**Task instructions**
Return the data below unaltered, but strip out the pictures.

**Recorded data**
########################################

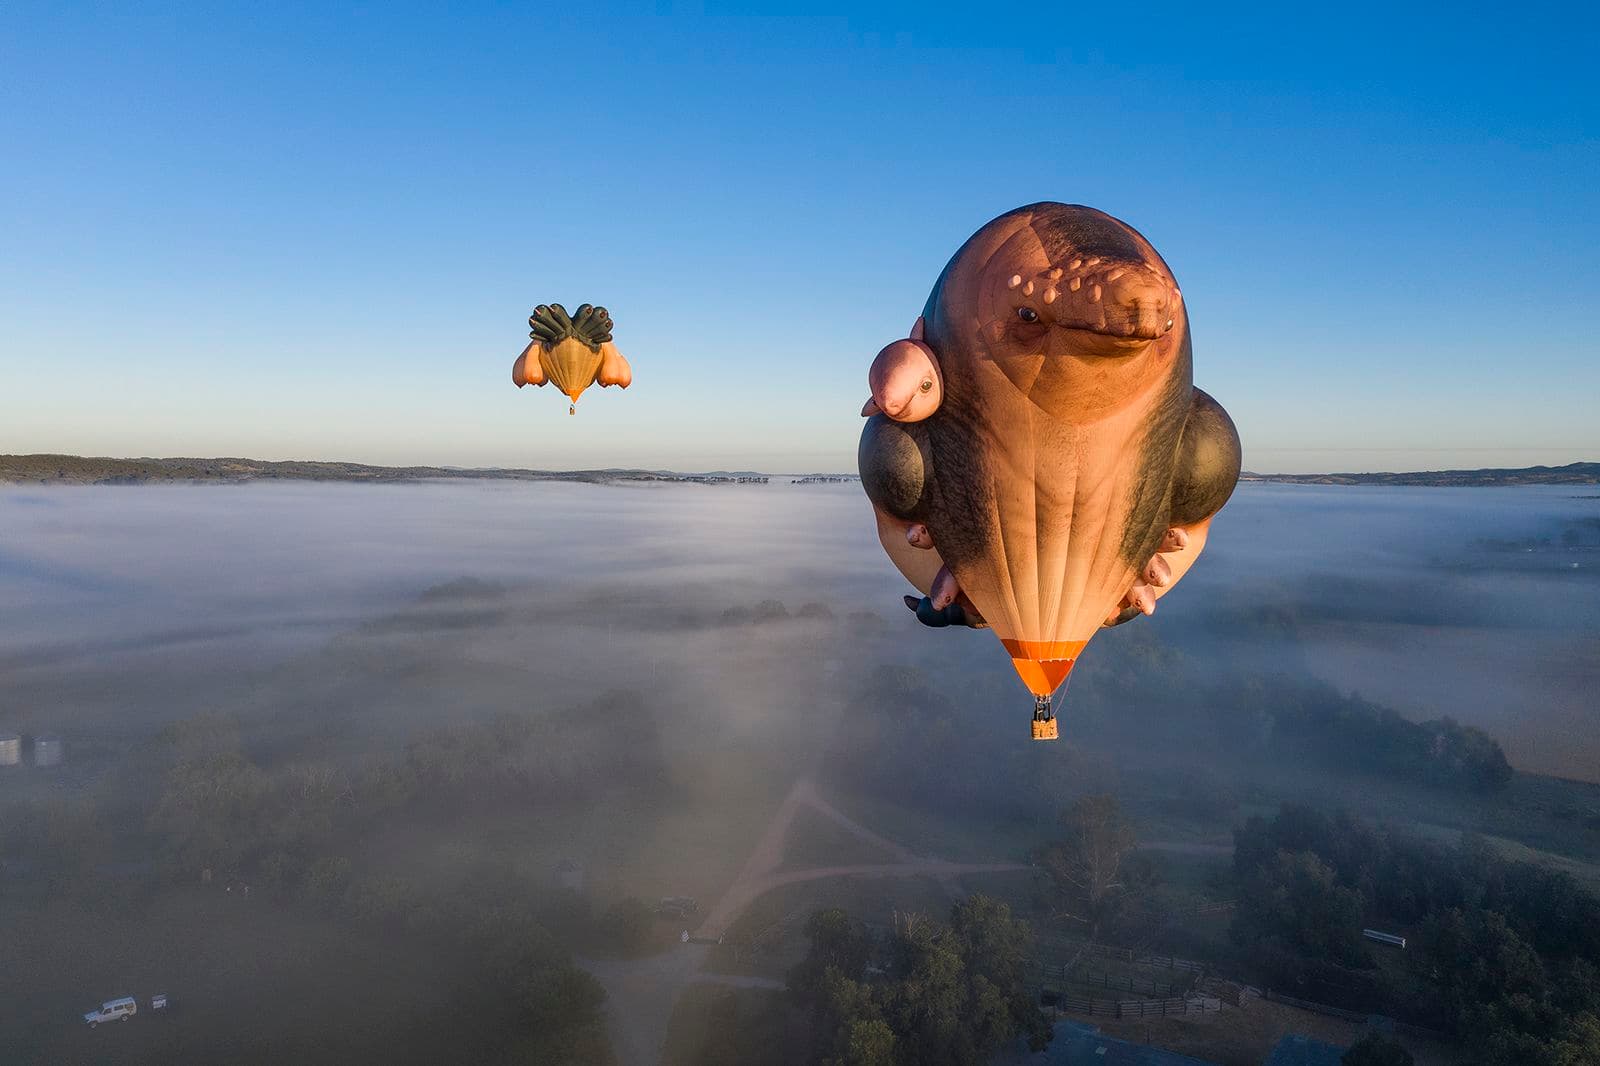 Hot air balloon, in the shape of a whale holding it's babies, floating in the sky
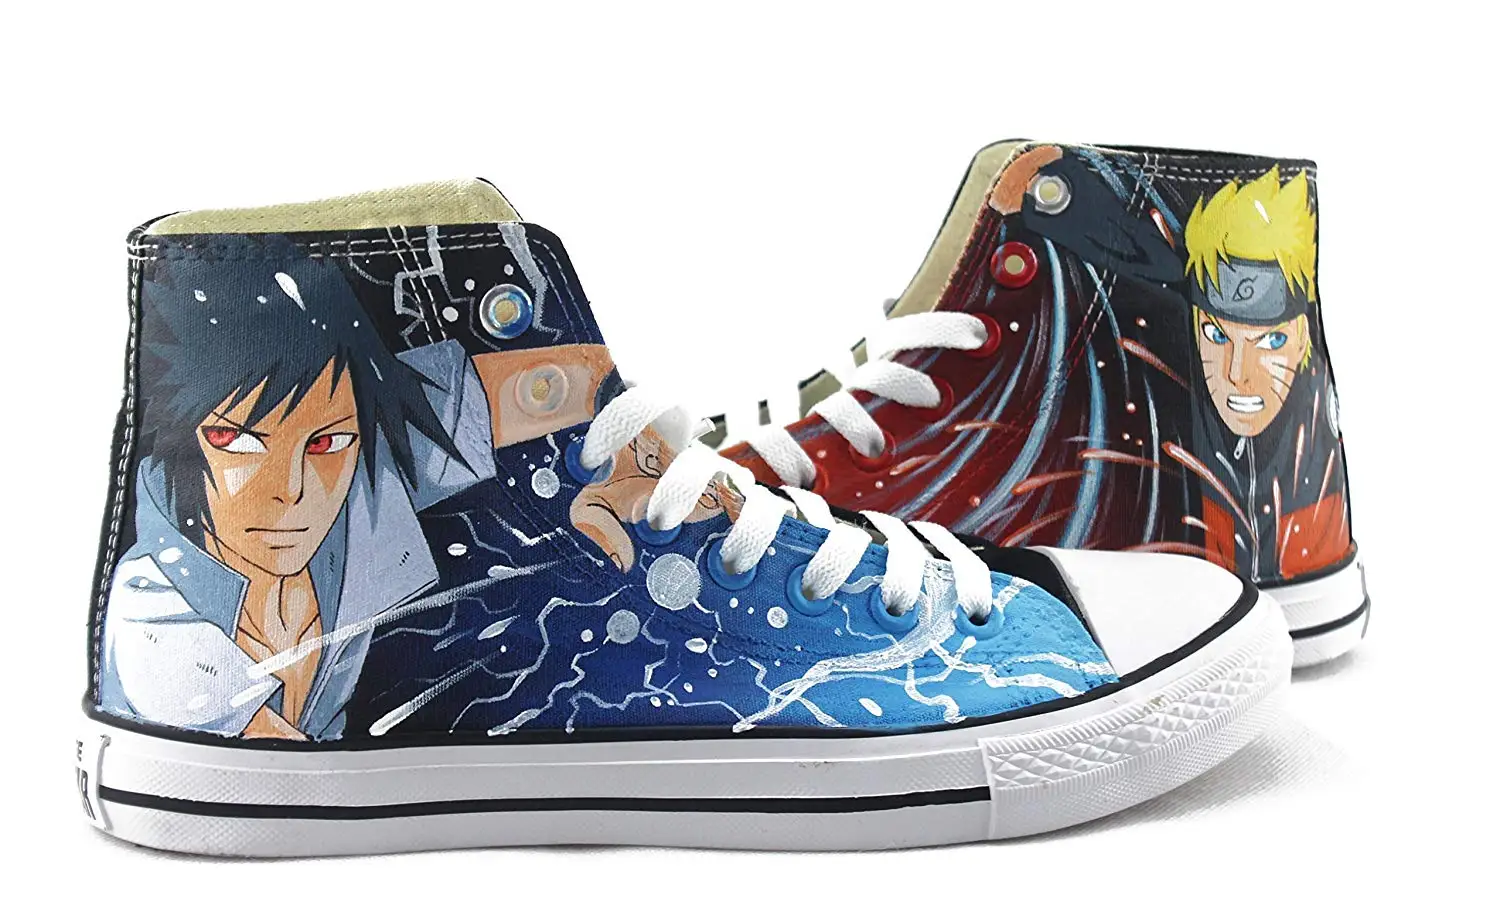 Cheap Drawing Anime Shoes Find Drawing Anime Shoes Deals On Line At Alibaba Com I just learned from looking at hands and feet and trying to draw as close to what i saw as i can. cheap drawing anime shoes find drawing
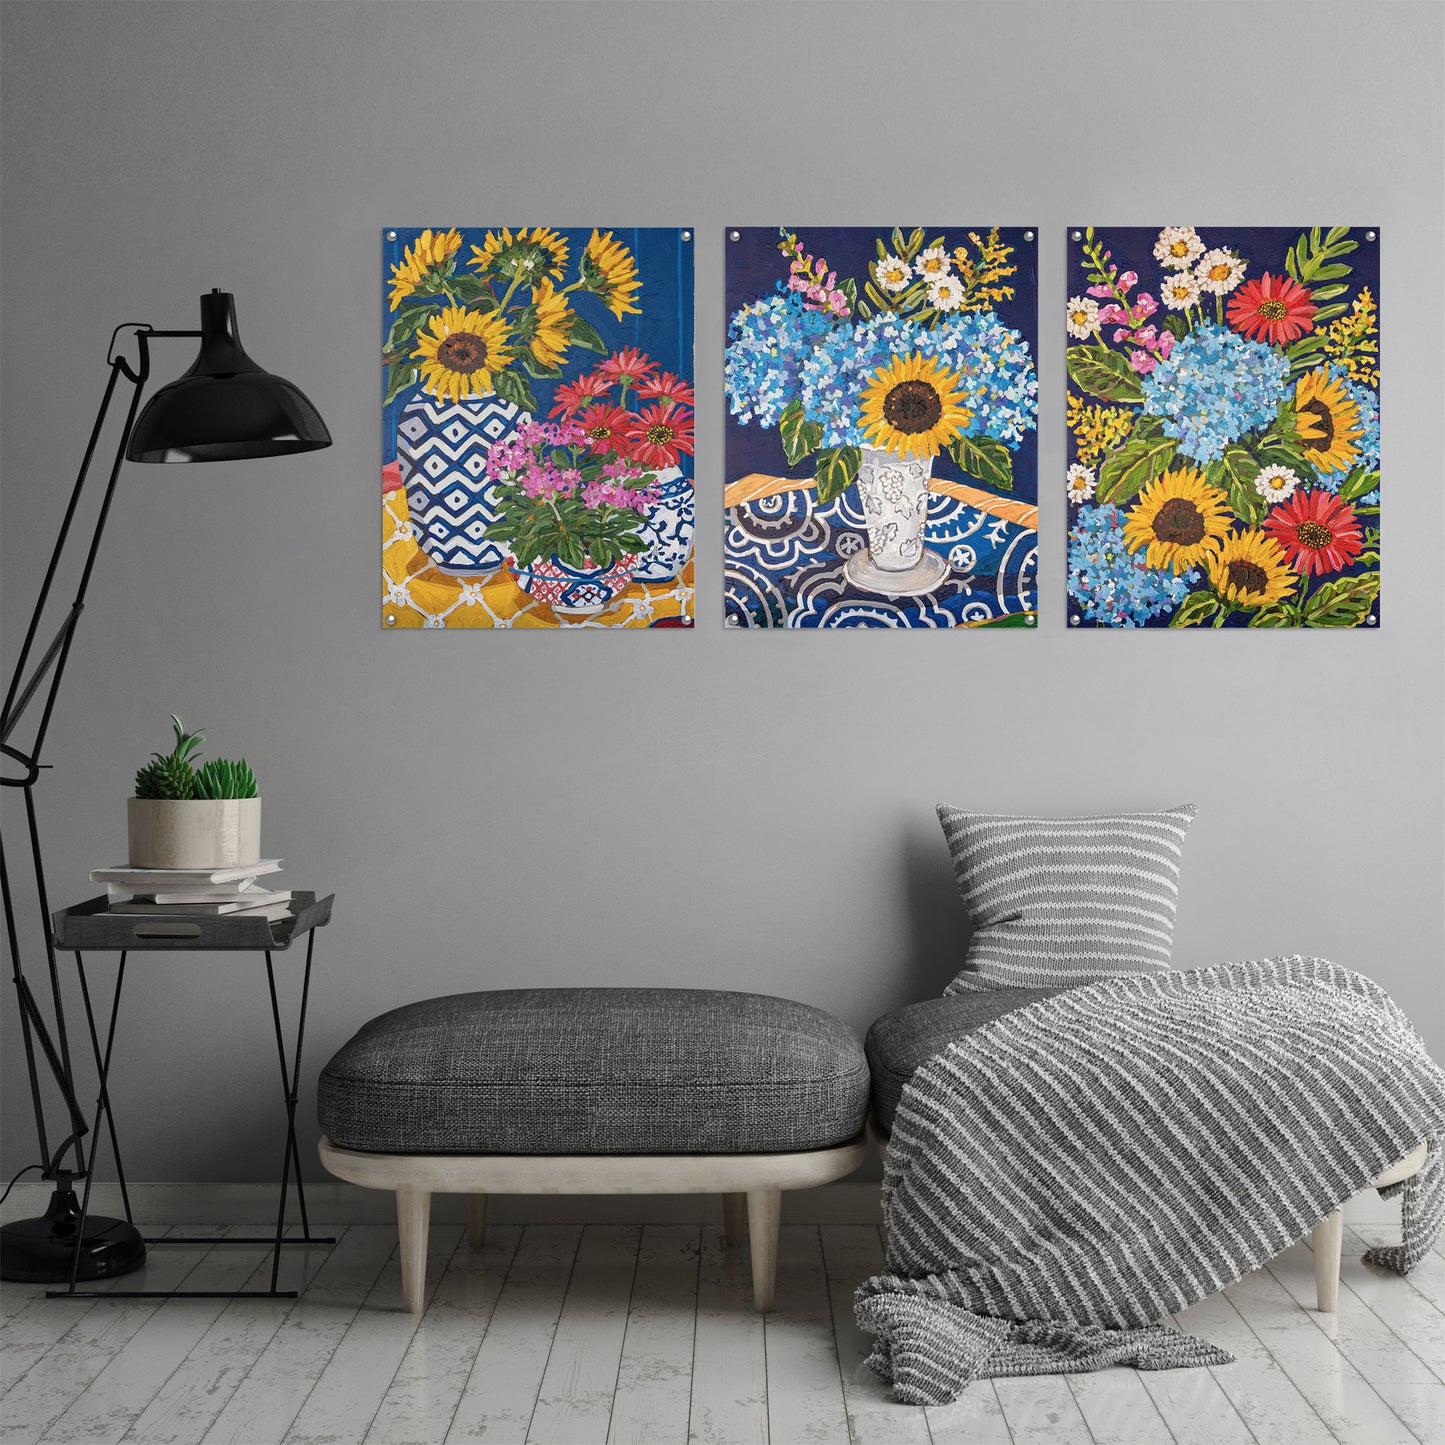 (Set of 3) Triptych Wall Art Colorful Sunflowers by Mandy Buchanan - Poster Print
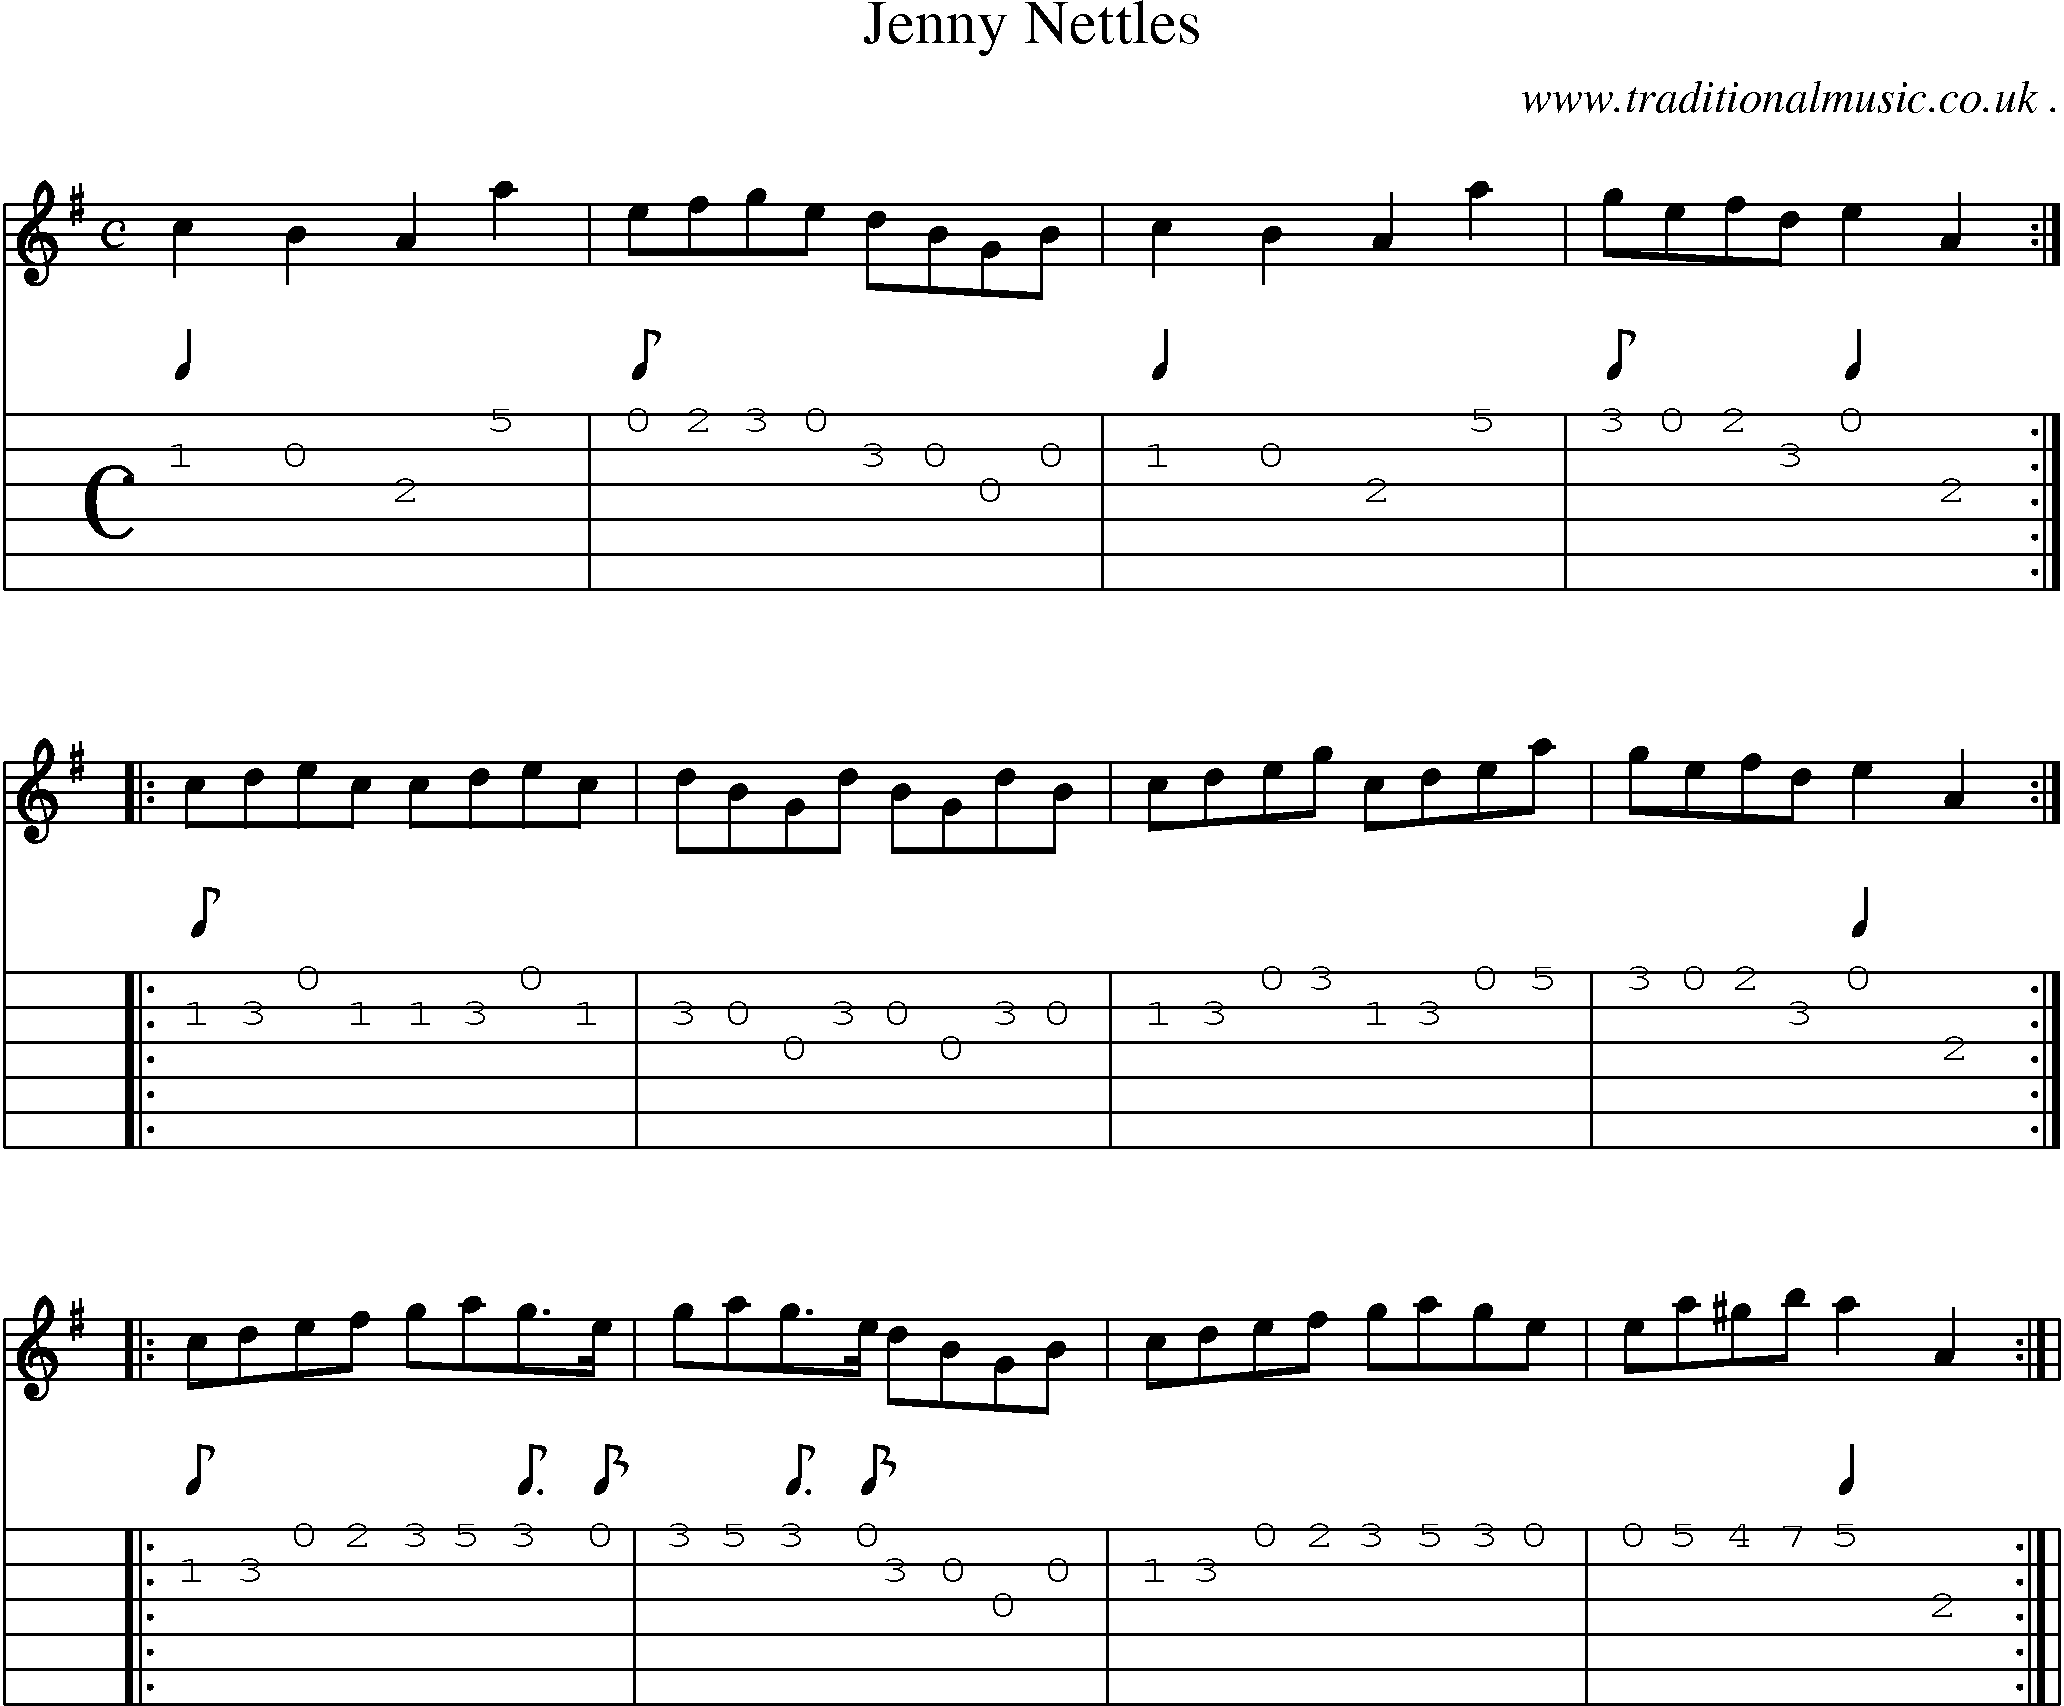 Sheet-Music and Guitar Tabs for Jenny Nettles

########################################

**Answer box**
 Hot air balloon, in the shape of a whale holding it's babies, floating in the sky
 Cheap Drawing Anime Shoes Find Drawing Anime Shoes Deals On Line At Alibaba Com I just learned from looking at hands and feet and trying to draw as close to what i saw as i can. cheap drawing anime shoes find drawing
 (Set of 3) Triptych Wall Art Colorful Sunflowers by Mandy Buchanan - Poster Print
 Sheet-Music and Guitar Tabs for Jenny Nettles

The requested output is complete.